In the data visualization section I have opted to analyze the dependent variable of this dataset: rings. As explained in the dataset notes, the age of an abalone is calculated by adding 1.5 to the number of rings an abalone has. In this way, rings serves as a proxy measure of age. In this section I will analyze the distribution of abalone rings and visualize the relationship between rings and other, independent variables.

The “Rings” variable is positively skewed.This positive distribution is supported by the summary statistics which show a mean of 9.934 rings compared to the median of 9 rings. The median and mean lines have been added to the histogram to visualize the positive skewness. Additionally, a measure of the Fisher-Pearson coefficient of skewness shows a skewness of 1.113702. This result of a skewness value greater than 1 reveals that the distribution of rings is substantially positively skewed. Finally, a measure of the kurtosis of the Rings distribution reveals a result of 5.326462. A positive kurtosis value indicates a leptokurtic, or peaked, distribution.
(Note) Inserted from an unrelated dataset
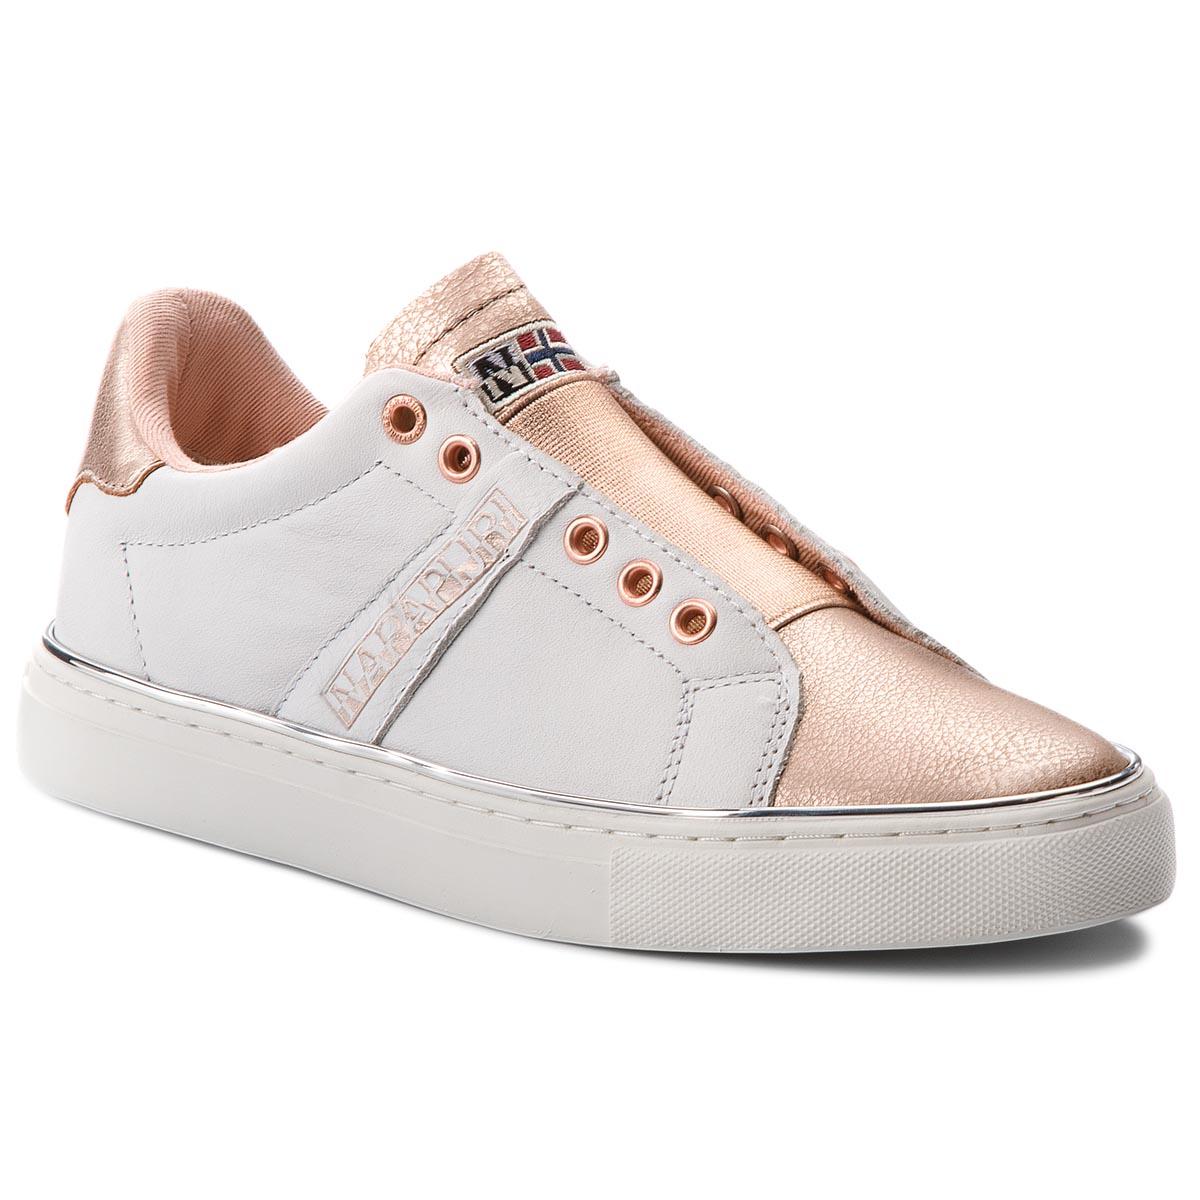 Sportcipő NAPAPIJRI Alicia 16771592 WhiteRose Gold N06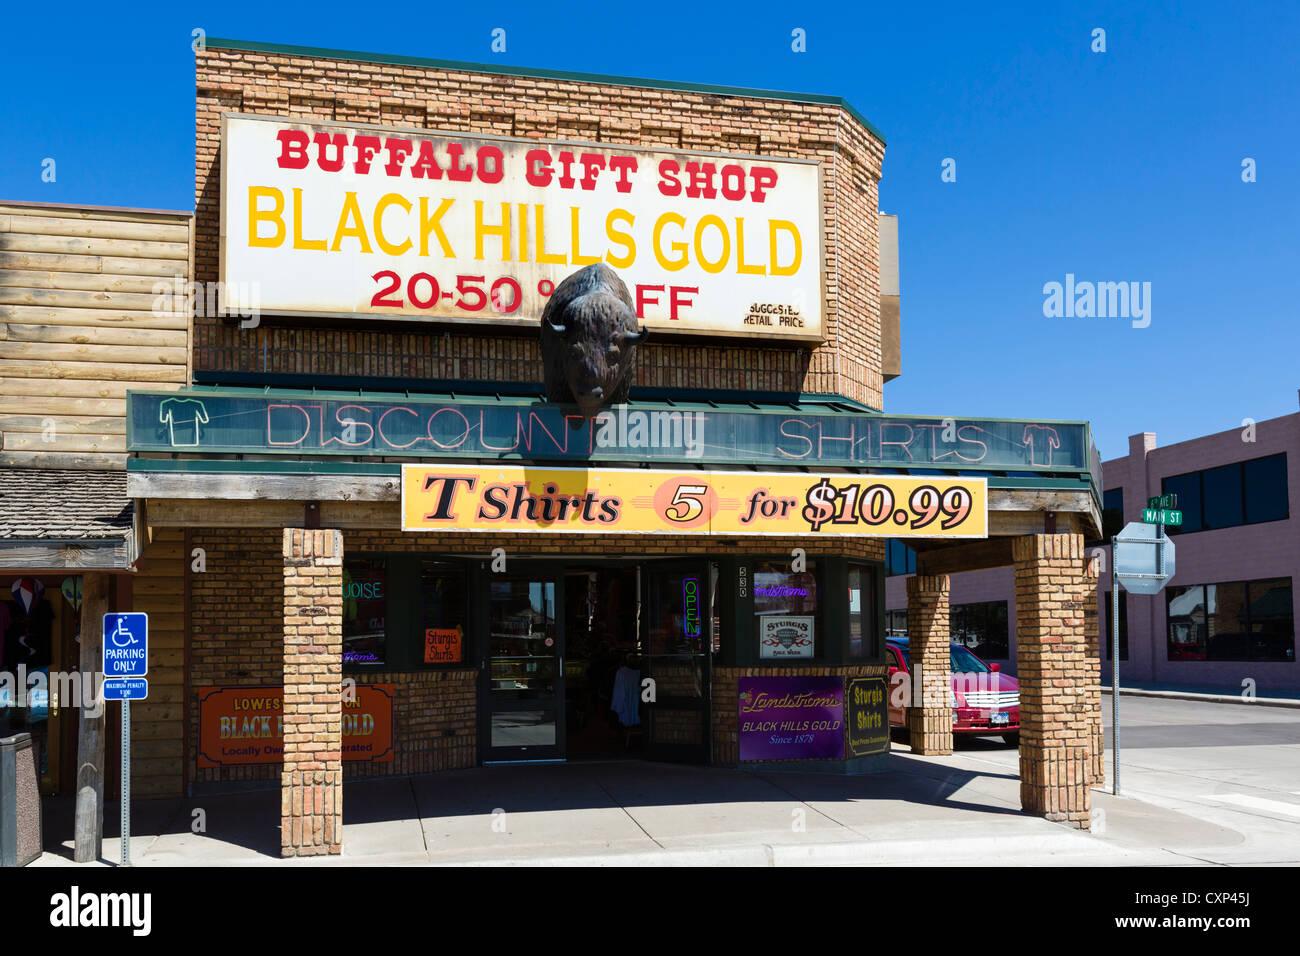 Tienda de regalos en Main Street, Wall, Dakota del Sur, EE.UU. Imagen De Stock

Data Visualization: Comparison Visualization

boxplot(Rings ~ Sex, data = abalone, col = "blue")

This boxplot serves as a comparison of the distribution of abalone rings based on the sex of the abalone. In this comparison “F” indicates “female,” “I” indicates “infant,” and “M” indicates “male.” As the number of rings an abalone has is an indicator of its age, the difference in median rings between infant abalone and male and female abalone stands to reason. A comparison of these three distributions reveals similar dispersions in terms of the length of the overall and interquartile ranges. One difference is in the interquartile range of the infant group. The infant group appears to show negative skewness while the male and female gropus appear to show positive skewness.

The male and female distributions are very similar in nearly all facets. The only significant difference between the two groups is in the outliers. The female distribution has outliers at a greater distance from the range, while the male distribution has outliers below the range.

Data Visualization: Two-Dimensional Visualization (Categorical Data)

library(dplyr)
table(abalone$Sex) %>% barplot(col = "lightgreen")

This barplot is a two-dimensional visualization comparing the number of female, infant, and male abalone in the dataset. This barplot shows that in this sampl there are more male abalone than infants and females. Knowing from our previous visualization that the male and female distributions of rings were very similar in terms of dispersion and positive skewness, this barplot helps us understand the distribution of rings among all abalone in the sample group. Because the combined number of male and female abalone are nearly double the number of infant abalone, their effect on the distribution of rings is greater as well. For this reason the overall distribution of rings closely mirrors the distribution of rings in the male and female abalone groups.

Data Visualization: Two-Dimensional Visualization (Pairwise Relationship)

library(ggplot2)
ggplot(abalone, aes(Length, Rings, alpha = Sex)) +
  geom_point(color = "darkred")
## Warning: Using alpha for a discrete variable is not advised.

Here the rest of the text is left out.